Back in March 1761, English scientist Ebenezer Kinnersley wrote in a letter to Benjamin Franklin that he successfully got a wire so "red hot" that it gave off light. This is known as "incandescence" and is the science inside every incandescent lightbulb. Kinnersley's discovery was far removed from the lightbulbs we use today, but laid the foundation for the technology to develop in the coming decades. In 1841, English scientist Frederick de Moleyns scored the first patent for an incandescent lamp, though the lamp's platinum filaments were too expensive and unreliable to be practically usable. Then came Joseph Swan, yet another English scientist, who created the first lightbulb with a carbon filament in 1878. Although still highly inefficient, these bulbs were at least better than the soot-spewing gas that lit up cities at the time, and they kicked off the switch to electric lighting. 

Although Edison didn't invent the lightbulb, it can certainly be argued that he perfected it — something he did often with inventions throughout his career. In 1879, Edison realized that higher electrical resistance was needed for lightbulbs to last longer; he tested more than 6,000 materials and finally settled on carbonized bamboo. Within the year, Edison's bulbs could last between 600 and 1,200 hours, showing the world that electric lighting was economically possible.

By the Numbers

U.S. patents Edison received during his lifetime, the most of any inventor

1,093

Lights originally illuminated by Edison's Pearl Street Station, the world's first power station

400

Year the Chicago Cubs finally installed lights at Wrigley Field, the last MLB team to do so

1988

Percentage of U.S. households that use LED lightbulbs rather than incandescent or halogen bulbs

47%

Did you know?

Thomas Edison created the predecessor to the cat video.
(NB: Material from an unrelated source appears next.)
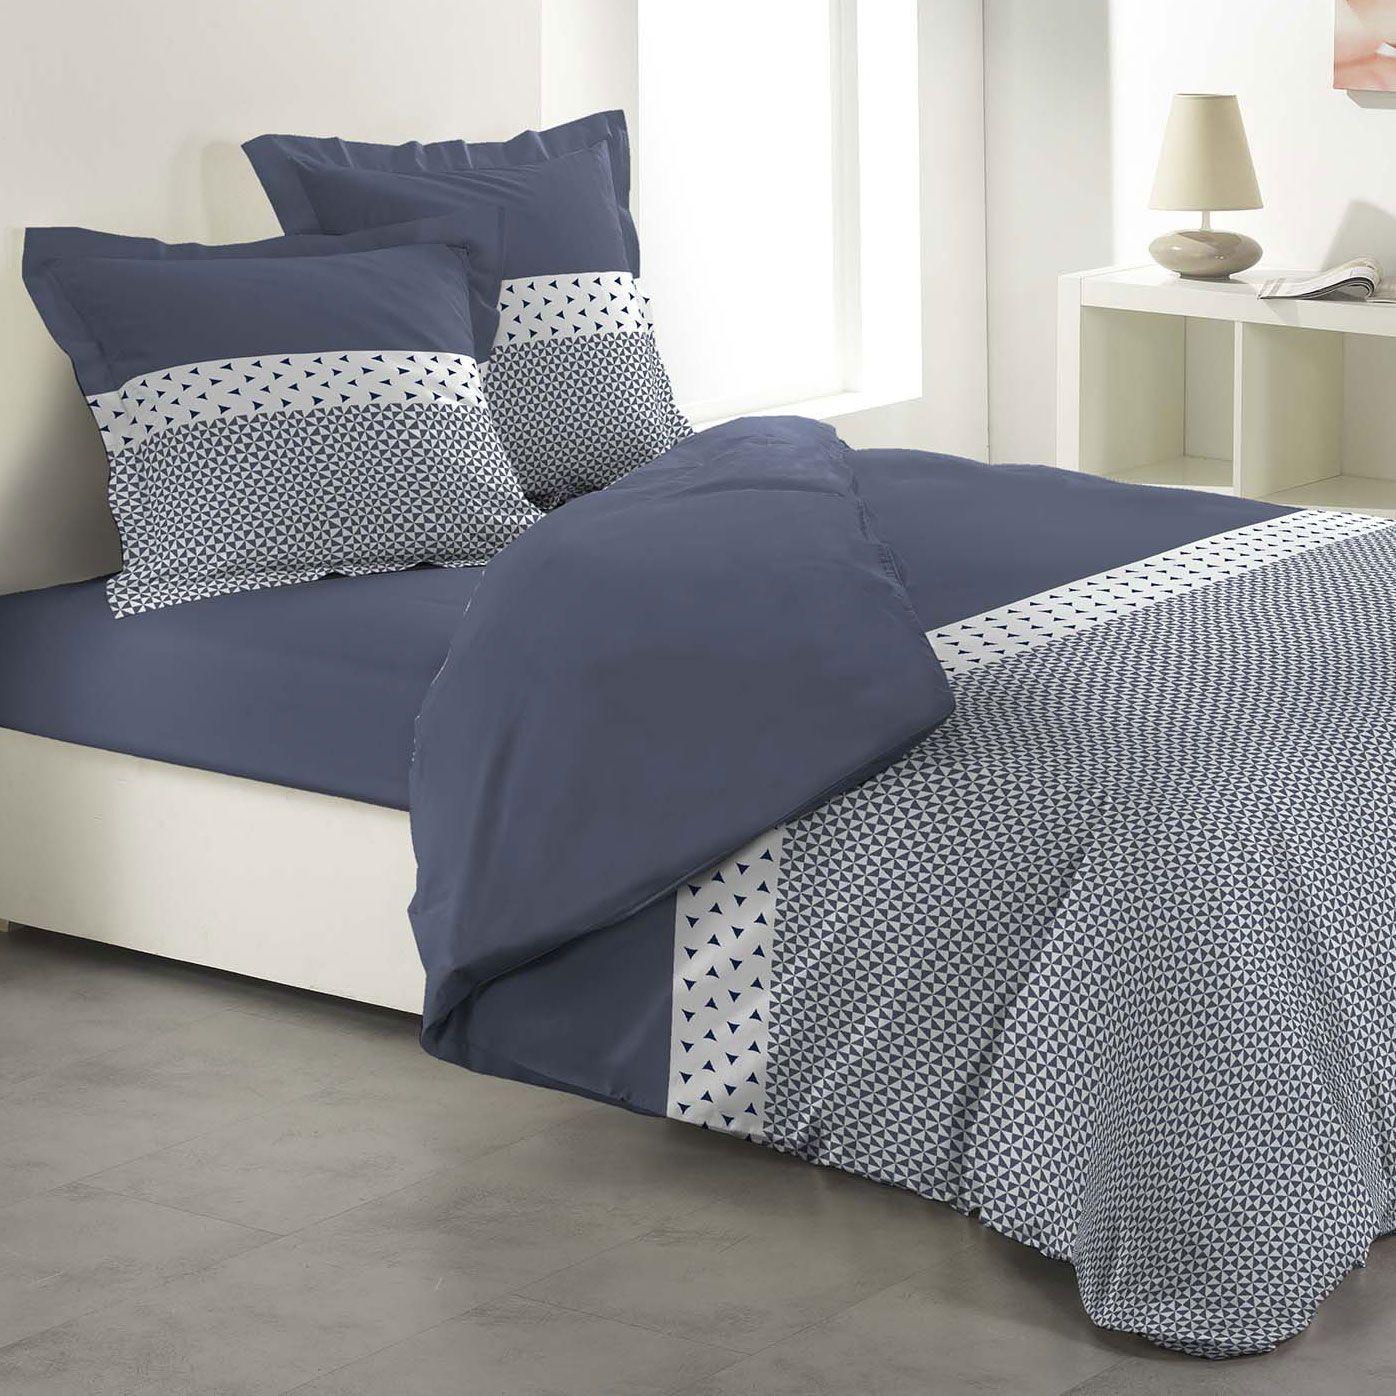 housse de couette et deux taies agatha 100 coton 240 cm bleu orage housse de couette eminza. Black Bedroom Furniture Sets. Home Design Ideas

Thomas Edison was a man ahead of his time — and in the case of cat videos, a full century ahead. After inventing the kinetograph, a kind of proto-film camera, in 1891, Edison got to work making a series of short films showing off his new creation. One featured a trapeze artist; another, an employee sneezing (Edison found the need to copyright that one). But one of the more adorable films, created in 1894, was "The Boxing Cats," which, just as it sounds, starred two fuzzy felines wearing cat-sized boxing gloves in a cat-sized boxing ring. It was filmed at Edison's Black Maria film studio in New Jersey some 100 years before funny videos of cats became an internet phenomenon. The more things change, the more they stay the same.